** DATASET EXCERPTS **
--
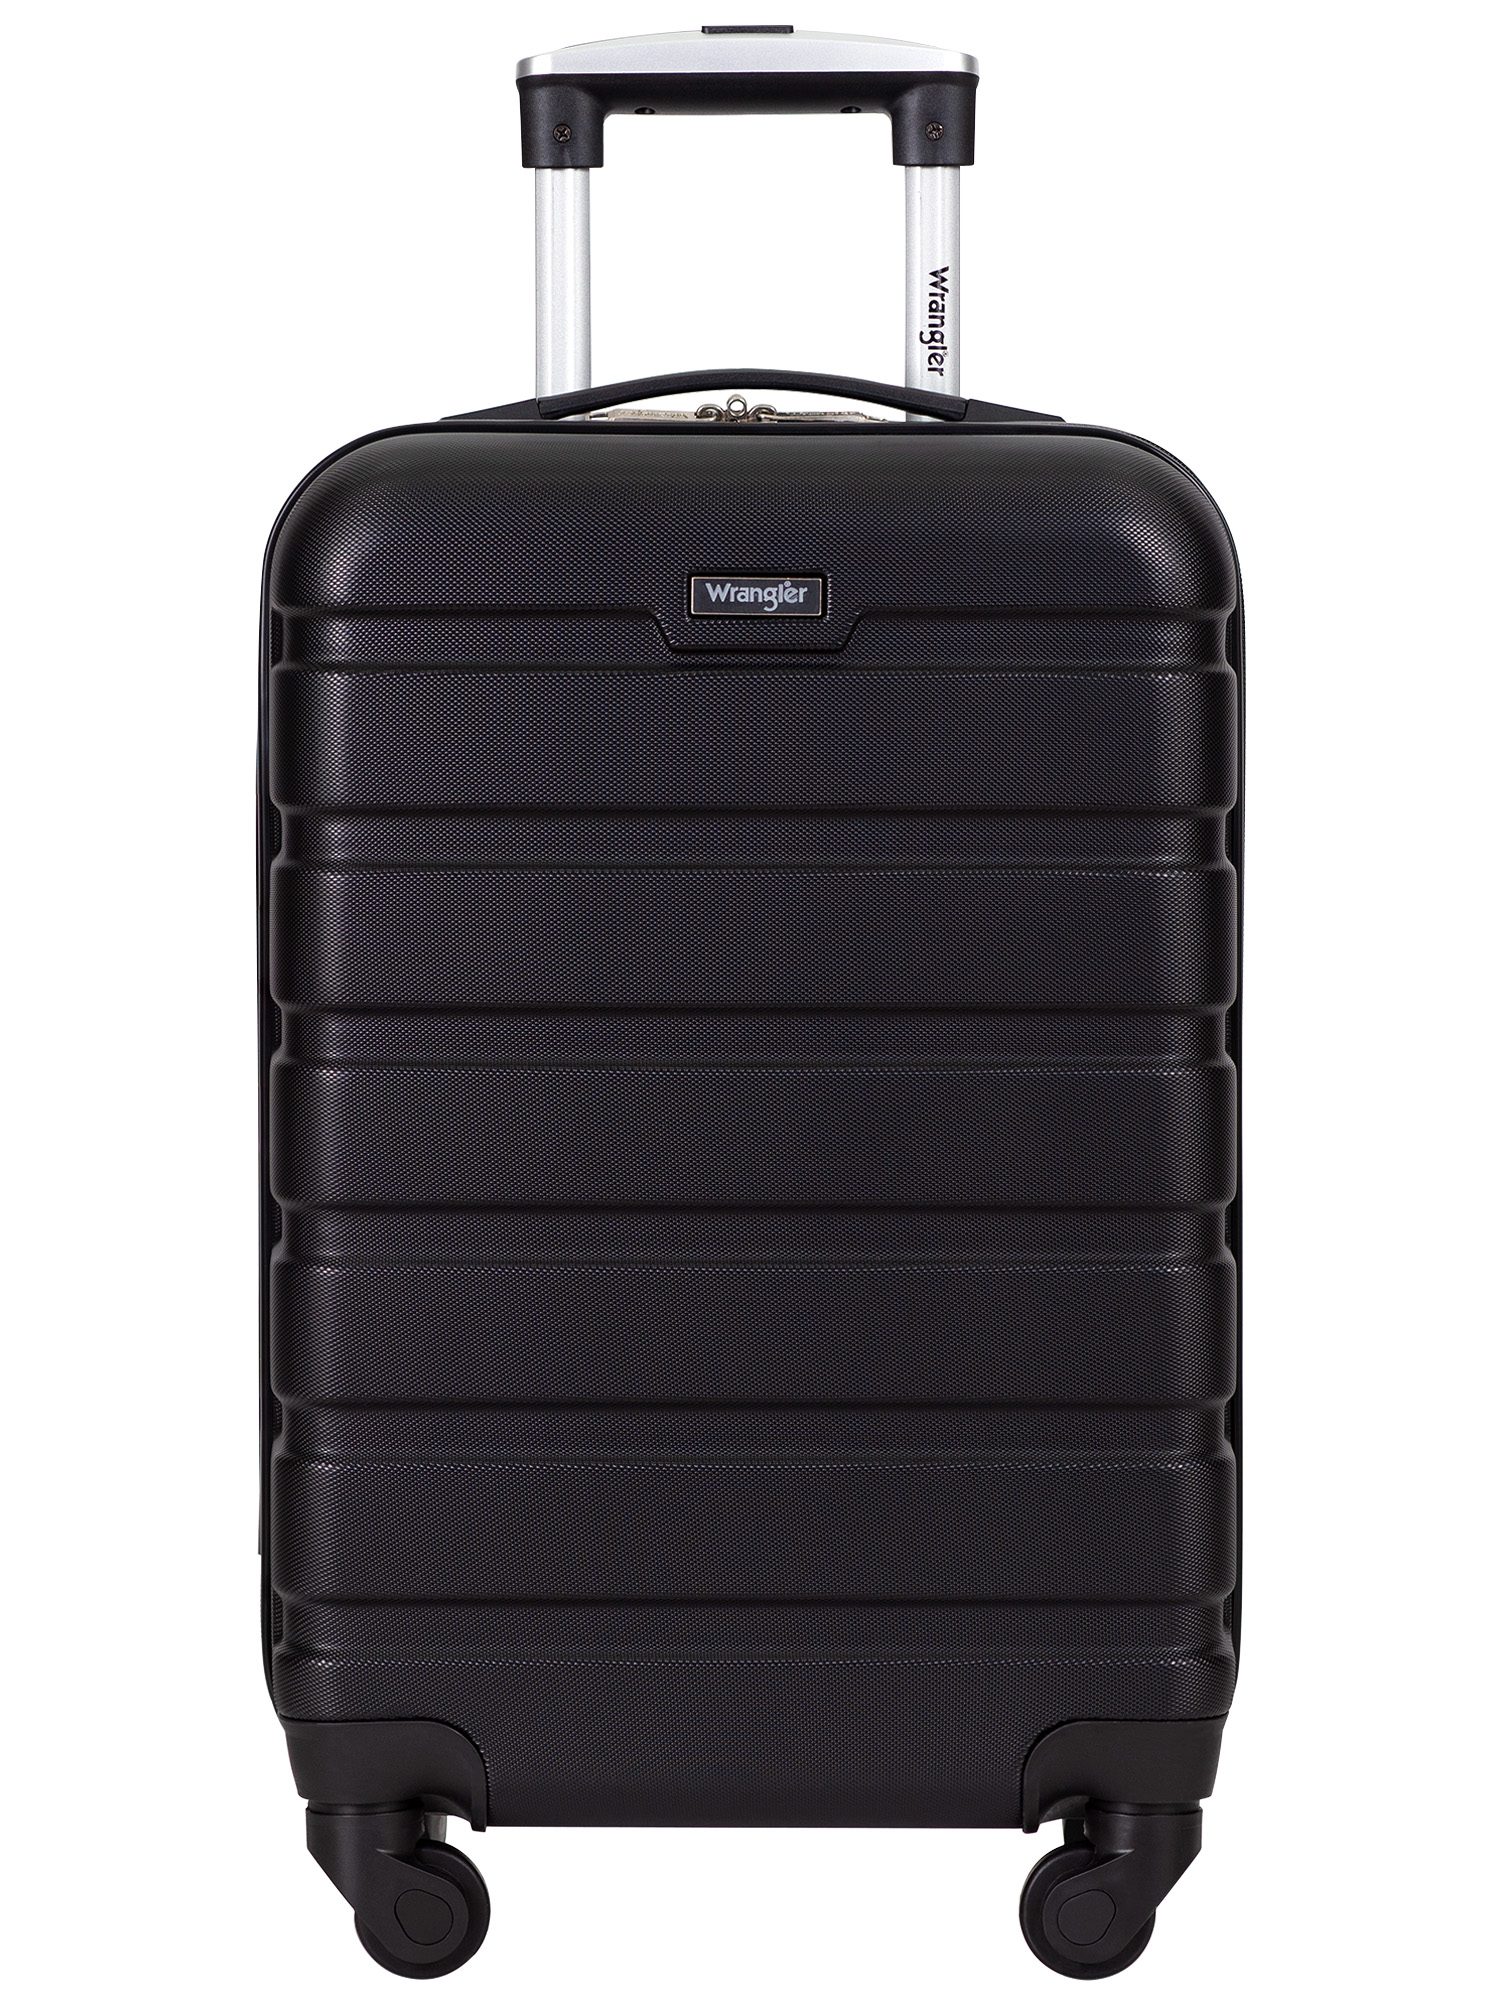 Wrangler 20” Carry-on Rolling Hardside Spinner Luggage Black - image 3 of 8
--
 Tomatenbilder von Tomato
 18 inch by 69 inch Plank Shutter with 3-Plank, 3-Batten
--
** TASK DIRECTIONS **
Among the lines above, find the one with "Tomatenbilder von Tomato" and the one with "18 inch by 69". Quote both and everything between them, exactly.

** ANSWER **
 Tomatenbilder von Tomato
 18 inch by 69 inch Plank Shutter with 3-Plank, 3-Batten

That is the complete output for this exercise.